О “публичной социологии” в России

Термин “публичной социологии” сформулировал в середине прошлого века американский социолог Чарльз Миллс. Но наибольшую известность это понятие приобрело в середине нулевых годов послед того, как Майкл Буравой — новый президент Американской социологической ассоциации — посветил этой теме свое обращение к членам ассоциации в 2004 году. После выступление легло в основу статьи  “За публичную социологию”. В России о “публичной социологии” заговорили после выступления Буравого на конференции в Санкт-Петербурге в 2007 году и последующего выхода статьи “Приживется ли публичная социология в России?” в журнале Laboratorium.

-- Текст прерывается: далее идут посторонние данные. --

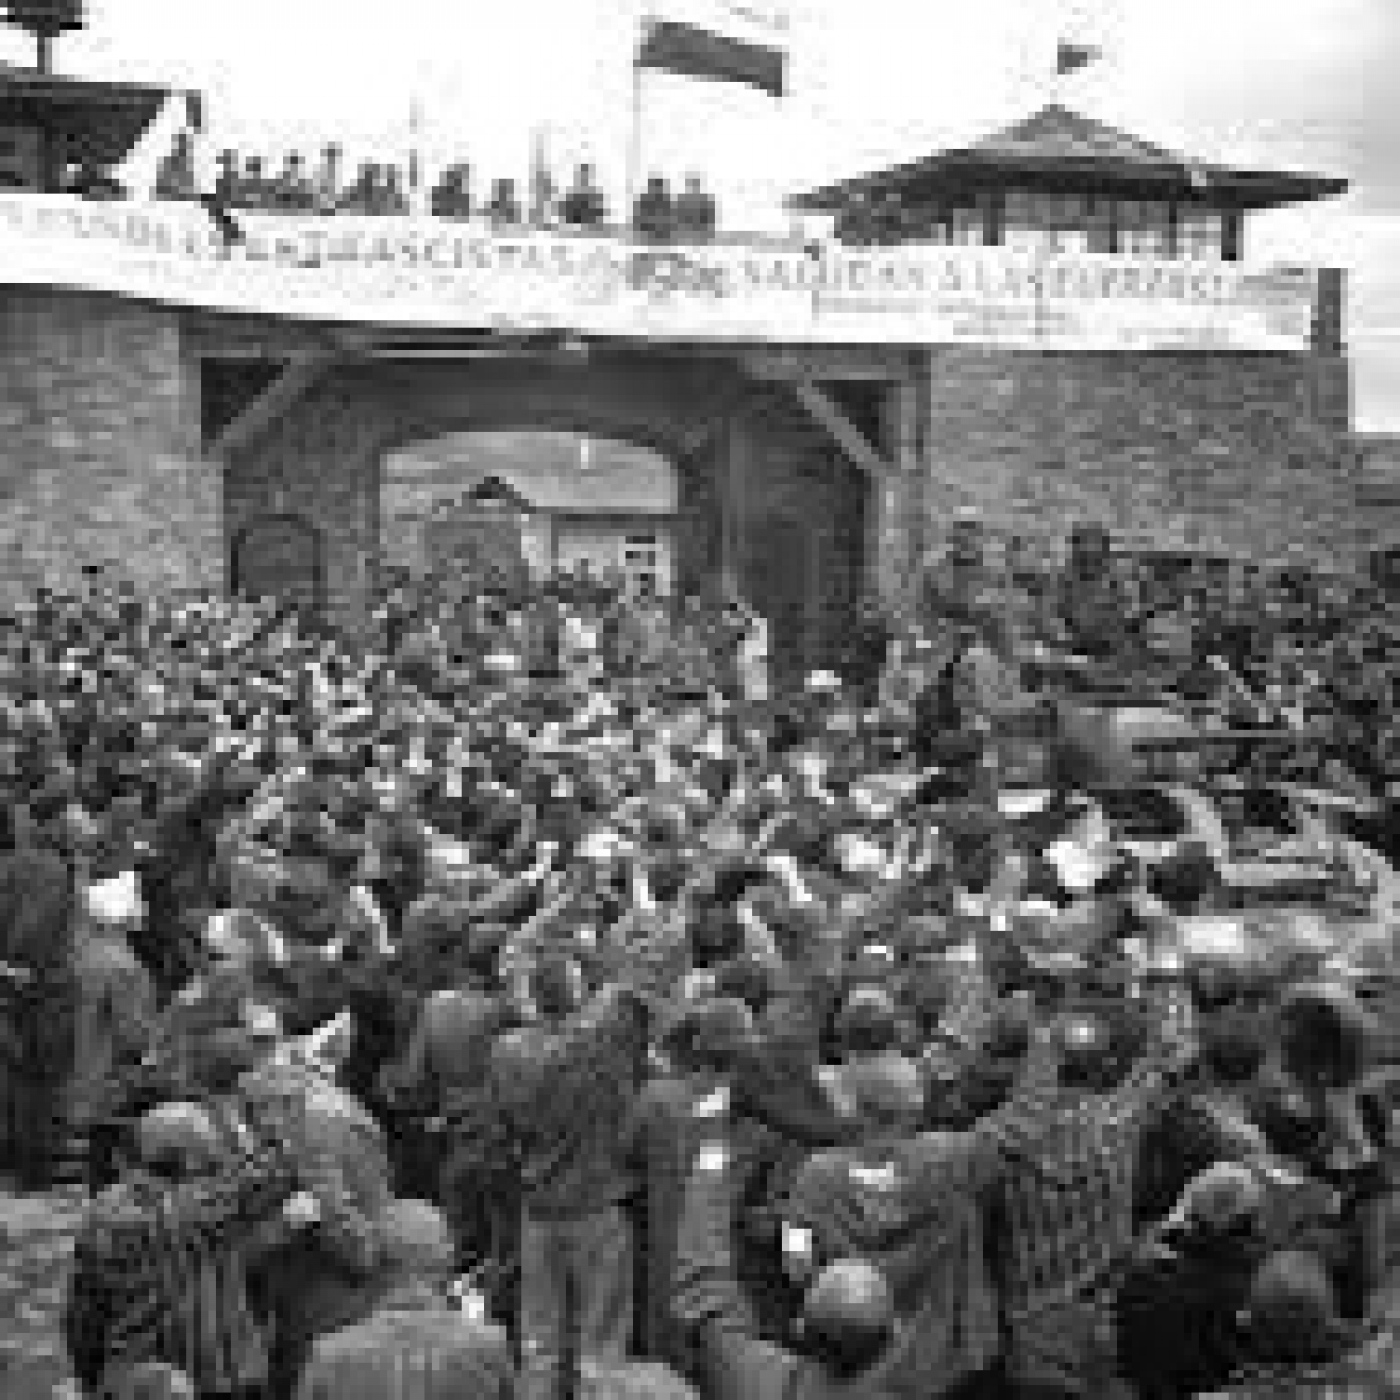 El Convoy de los 927 de Mauthausen

Майкл Буравой отделяет “публичную социологию” от трех других: профессиональной, прикладной и критической. Профессиональная социология занята изучением общественных проблем и обращается при этом в первую очередь к академическом сообществу, она существует в рамках профессиональных конференций и семинаров, на страницах академических журналов. Критическая социология — также обращается к академической аудитории, но направлена на критику методов социологических исследований и существующих интерпретаций. Прикладная социология, в свою очередь, существует для заказчика (и на его деньги), который определяет исследовательские цели и является эксклюзивным владельцем полученных результатов. Публичная социология отличается от критической и профессиональной тем, что обращается к неакадемическому сообществу (и в этом она похожа на прикладную), а к широкой общественности. Как и критическая, публичная социология занимается производством рефлексивного знания, осмыслением действительности ради общественного блага.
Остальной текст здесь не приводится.